Hepburn D A, Patrick A W, Eadington D W, Ewing D J, Frier B M
Diabetic Department, Royal Infirmary, Edinburgh, Scotland.
Diabet Med. 1990 Sep-Oct;7(8):711-7. doi: 10.1111/j.1464-5491.1990.tb01475.x.
Three-hundred and two insulin-treated diabetic patients were questioned about hypoglycaemia using a structured questionnaire interview. Two-hundred and twenty-six patients (75%) had normal symptomatic awareness, 48 (16%) had partial awareness, 21 (7%) had absent awareness of hypoglycaemia, and 7 (2%) denied ever experiencing hypoglycaemia. Patients with complete loss of awareness of hypoglycaemia had diabetes of longer duration; none had a HbA1 concentration within the non-diabetic range. Loss of awareness of hypoglycaemia was associated with an increased incidence of severe hypoglycaemia, 19 (91%) of the patients with absent awareness, and 33 (69%) with partial awareness of hypoglycaemia experiencing severe hypoglycaemia over 1 year compared with only 41 (18%) of patients with normal awareness of hypoglycaemia (p less than 0.001). Cardiovascular autonomic function tests were performed in 226 (75% of the whole group). Of the patients who had diabetes for more than 15 years, 54% (n = 39) with normal awareness of hypoglycaemia, compared with 59% (n = 10) with absent awareness of hypoglycaemia, had evidence of cardiovascular autonomic impairment (NS). Seven (41%) of the 17 patients with absent awareness of hypoglycaemia and diabetes of greater than 15 years duration had no evidence of autonomic dysfunction. Loss of hypoglycaemia awareness is a common problem in patients with insulin-treated diabetes of long duration, is associated with an increased incidence of severe hypoglycaemia, but is not invariably associated with abnormal cardiovascular autonomic function tests.
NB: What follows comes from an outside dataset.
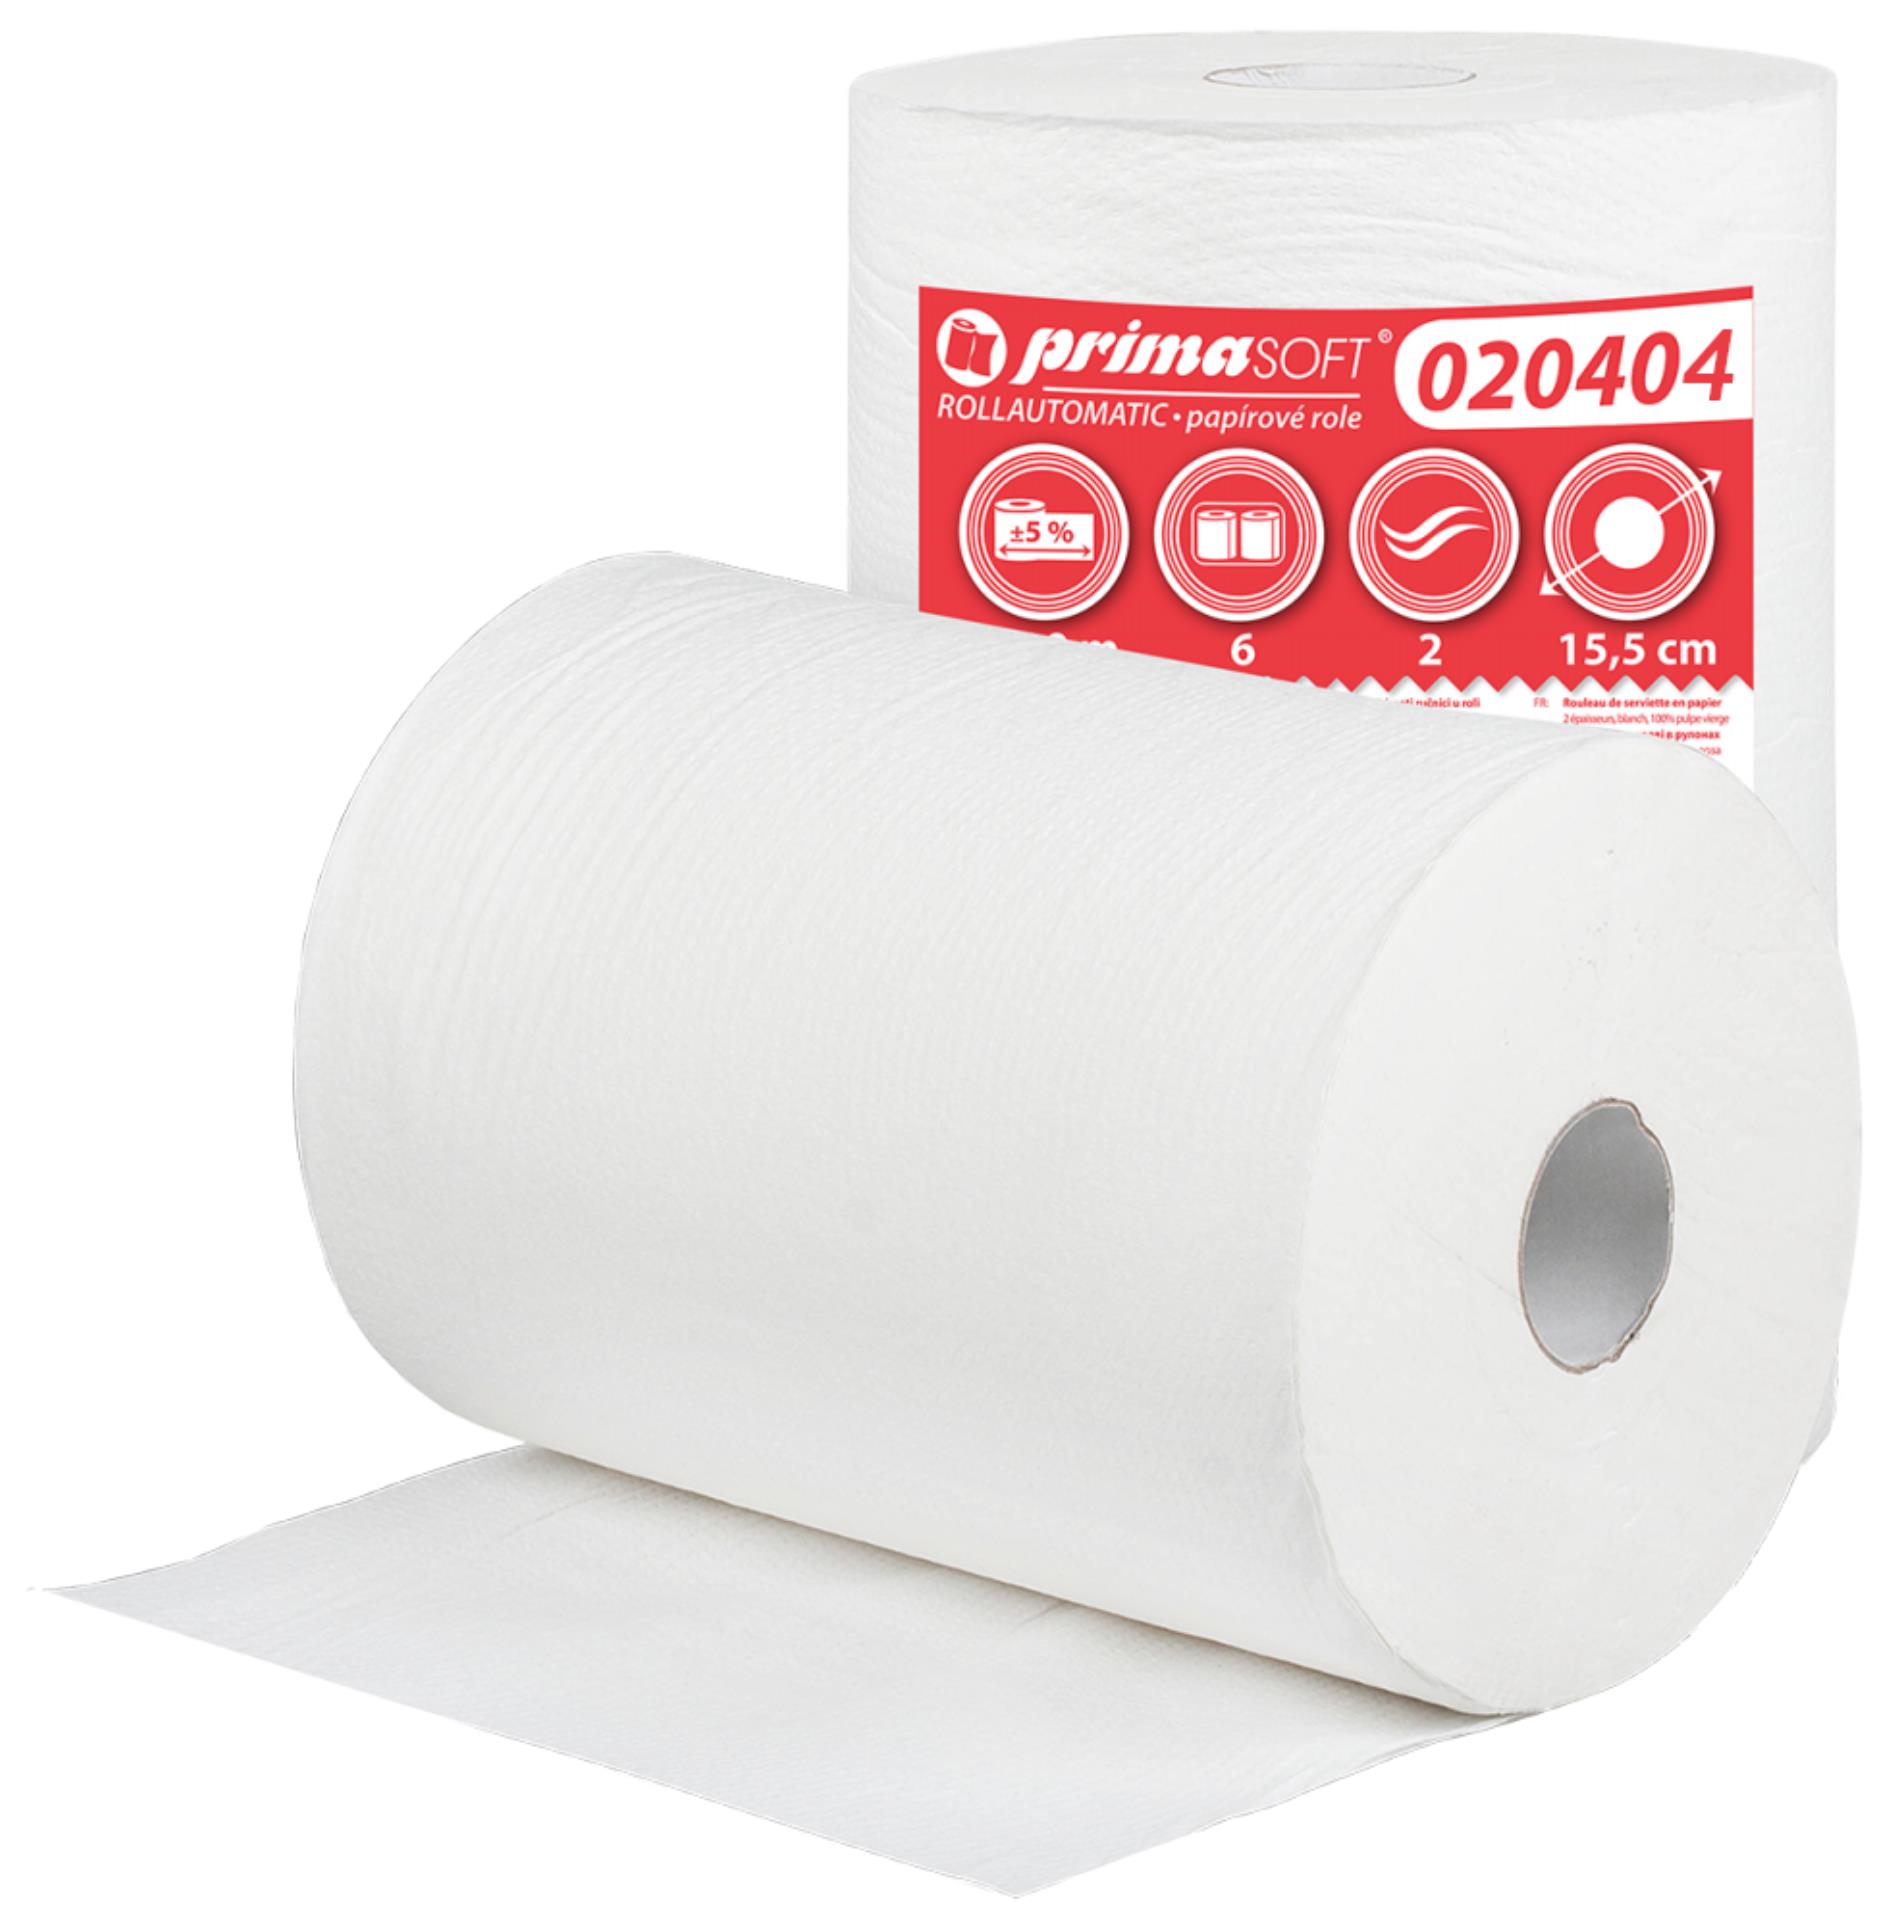 Primasoft Papírové ručníky v roli, dvouvrstvé, celulóza, 150 m, 6 rolí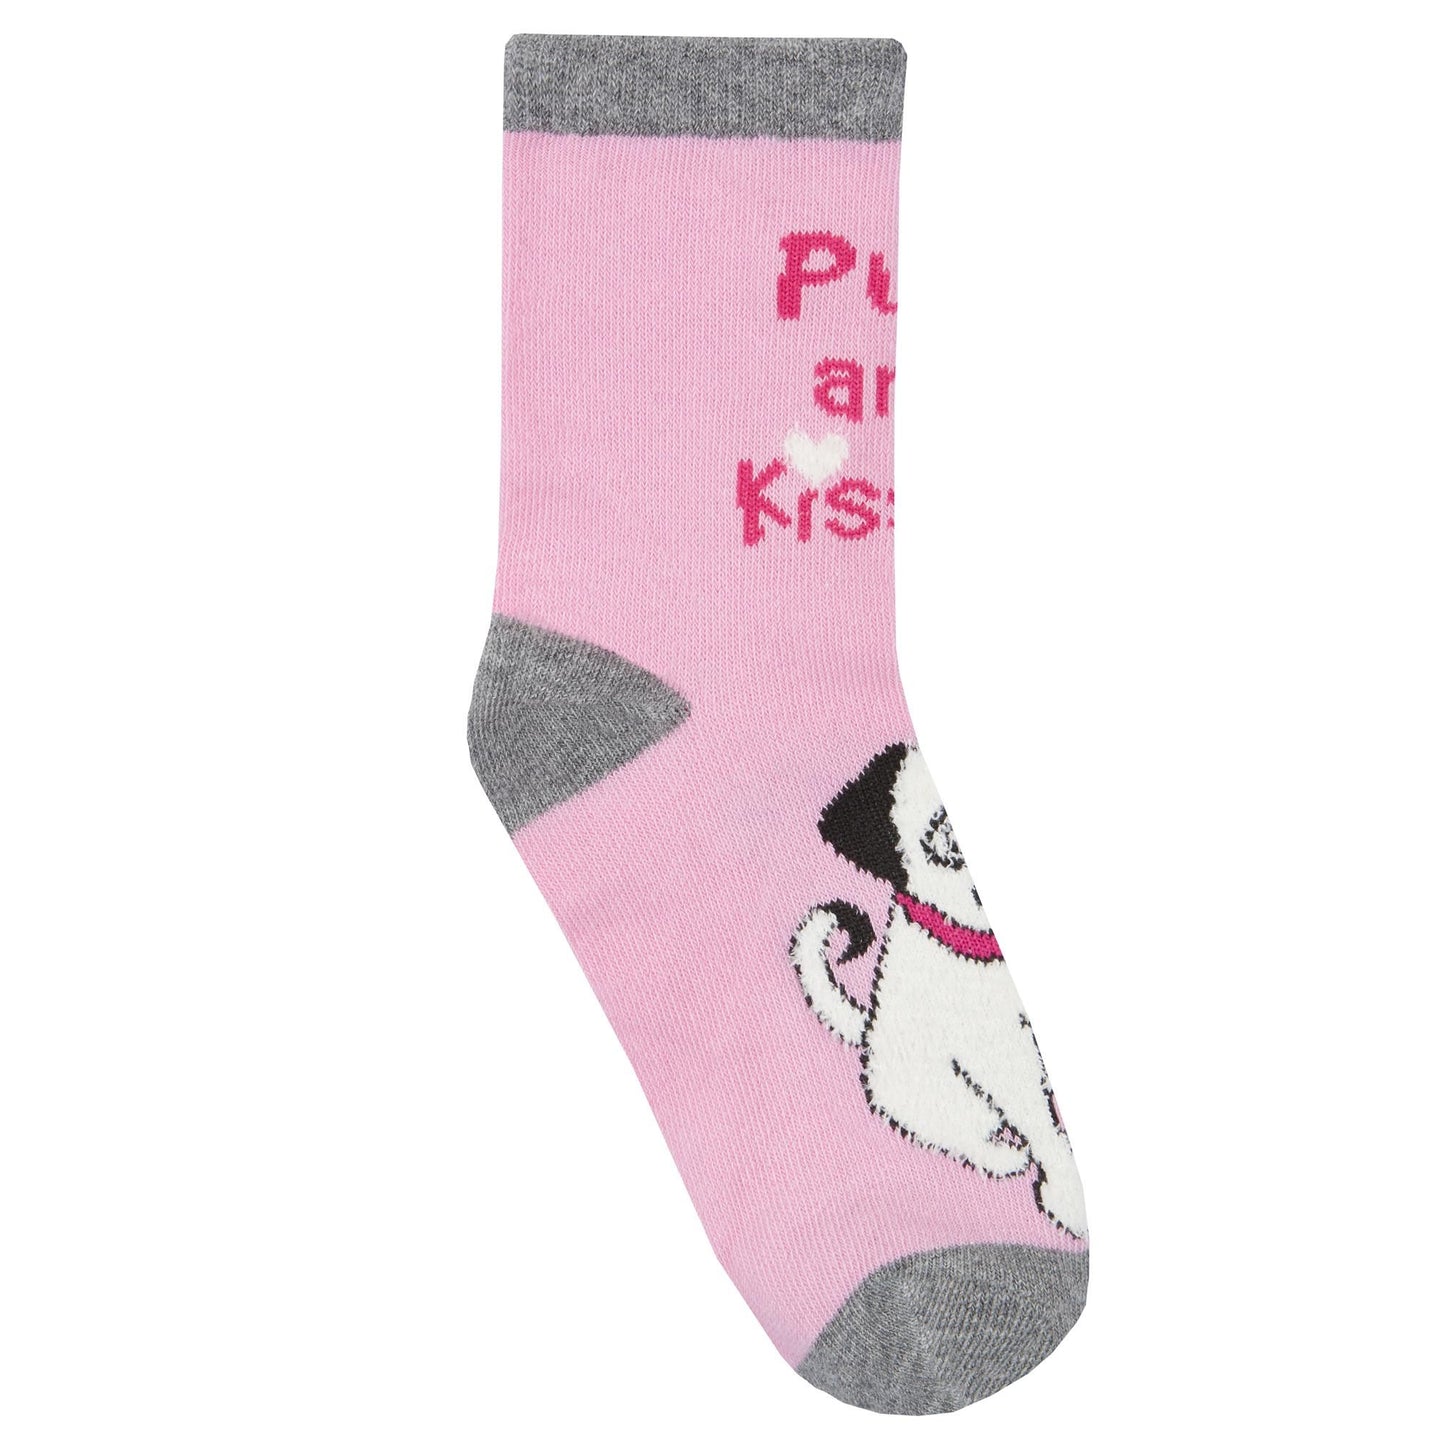 Childrens 3 Pk of Dog or Cat Socks

采用结构化问卷调查访谈的方式,对302例接受胰岛素治疗的糖尿病患者进行了低血糖相关问题的询问。226例患者(75%)有正常的症状感知,48例(16%)有部分感知,21例(7%)无低血糖感知,7例(2%)否认曾经历过低血糖。低血糖感知完全丧失的患者糖尿病病程更长;无一例糖化血红蛋白(HbA1)浓度处于非糖尿病范围。低血糖感知丧失与严重低血糖发生率增加有关,1年期间,无低血糖感知的患者中有19例(91%)、有部分低血糖感知的患者中有33例(69%)发生严重低血糖,相比之下,有正常低血糖感知的患者中仅有41例(18%)发生严重低血糖(P<0.001)。对226例患者(占整个队列的75%)进行了心血管自主神经功能测试。糖尿病病程超过15年的患者中,有正常低血糖感知的患者中有54%(n=39)、无低血糖感知的患者中有59%(n=10)存在心血管自主神经功能损害的证据(无显著性差异)。17例糖尿病病程超过15年且无低血糖感知的患者中有7例(41%)没有自主神经功能障碍的证据。低血糖感知丧失是长期接受胰岛素治疗的糖尿病患者中的常见问题,与严重低血糖发生率增加有关,但并非总是与心血管自主神经功能测试异常相关。